Christmas traditions are some of the best memories a mom can have with her kids. One of my favorites is making salt dough ornaments and letting the kids paint them. So many cookie cutter choices and the are colors too numerous to count. It’s an easy craft for little hands and equally fun for the big hands.
The recipe is simple and takes only what you have in your pantry. Make the hole for hanging with a pencil or a chopstick, putting it where you want the ribbon to go. Make sure to make the hole a little larger than necessary as it will shrink in baking.
How to Make Salt Dough Ornaments
2 cups all-purpose flour
1 cup salt
¾ cup water (may need more depending on dough consistency)
- Pour flour and salt together, mixing it thoroughly.
- Slowly add water until the mixture is barely moist.
- Knead the dough and roll out to desired thickness.
- Use cookie cutters for different shapes and a straw or chopstick to make a hole for hanging the ornaments.
- Bake in a 200 degree oven for 20 minutes. Flip them and bake an additional 10 minutes.
- Let them cool and you are able to decorate them.
Another recipe I have used as an alternative for ornaments is this
Better Than Salt Dough
½ cup cornstarch
1 cup baking soda
¾ cup water
Mix together and bake at 175 degrees for about an hour. Paint, seal, or leave ornaments white for hanging up.
You can double the batch and make many different shapes and sizes. Sometimes adding in cinnamon or orange extract is a little surprise for your senses. As they bake, your kitchen is a wonderful aroma of cozy and Christmas. Other additions could be food coloring, glitter, or sequins that are mixed into the dough.
After baking, there are many options are available for decoration. Acrylic paint is normally a top choice. Another option is to hot glue pom poms or buttons for a gingerbread person. You can also leave the ornament just the way it is and string some festive twine or ribbon through the hole to hang.
The nostalgia of making these as a child and hanging them on the tree brings back memories. The gingerbread man that smelled like cinnamon or the Santa who turned out a very dark brown. He may have been cooked a little too long. Or maybe I felt that Santa could be any color and I wanted to be inclusive at a young age. No matter the shape or color. It was the time spent as a family making memories that meant the most.
Last year, we these ornaments were used as an easy teacher gift tag with a small token of our appreciation for all the staff do for our students. Inexpensive and something that teachers can have as a memory of your student that year.
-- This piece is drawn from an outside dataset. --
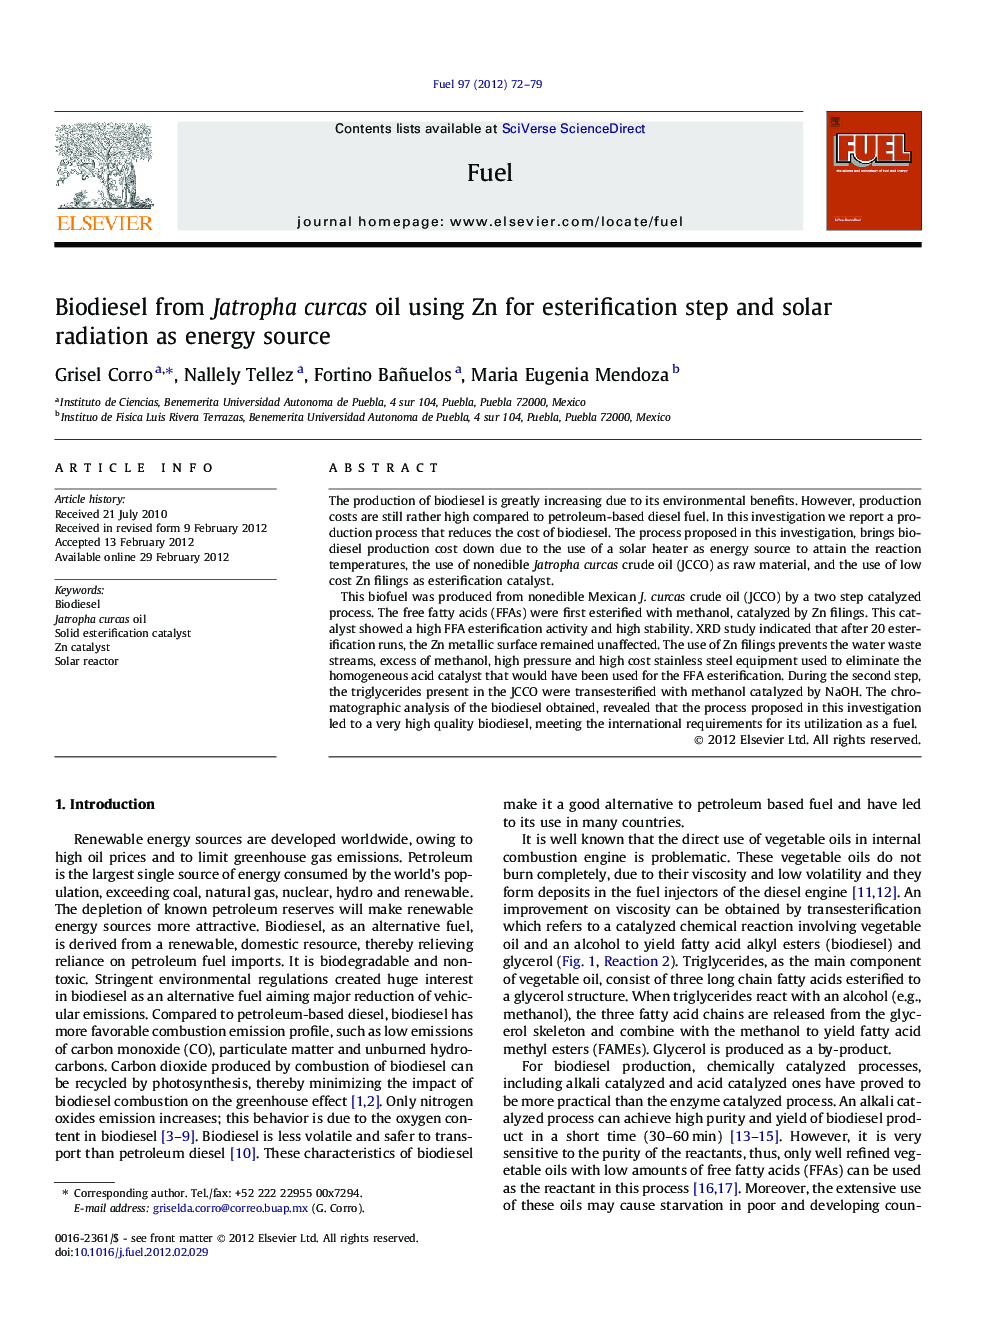 Biodiesel from Jatropha curcas oil using Zn for esterification step and solar radiation as energy source

I have seen teachers who have a tree dedicated to student ornaments. The more years they teach, the fuller the tree becomes with memories of previous students.
Our family likes to make ornaments for each other and design them based on interests from that year. My daughter has a passion for soccer so she received a soccer ball ornament. My son enjoys monster trucks, so he has one painted with his favorite monster truck colors. There are endless options and only your imagination limits what can be designed.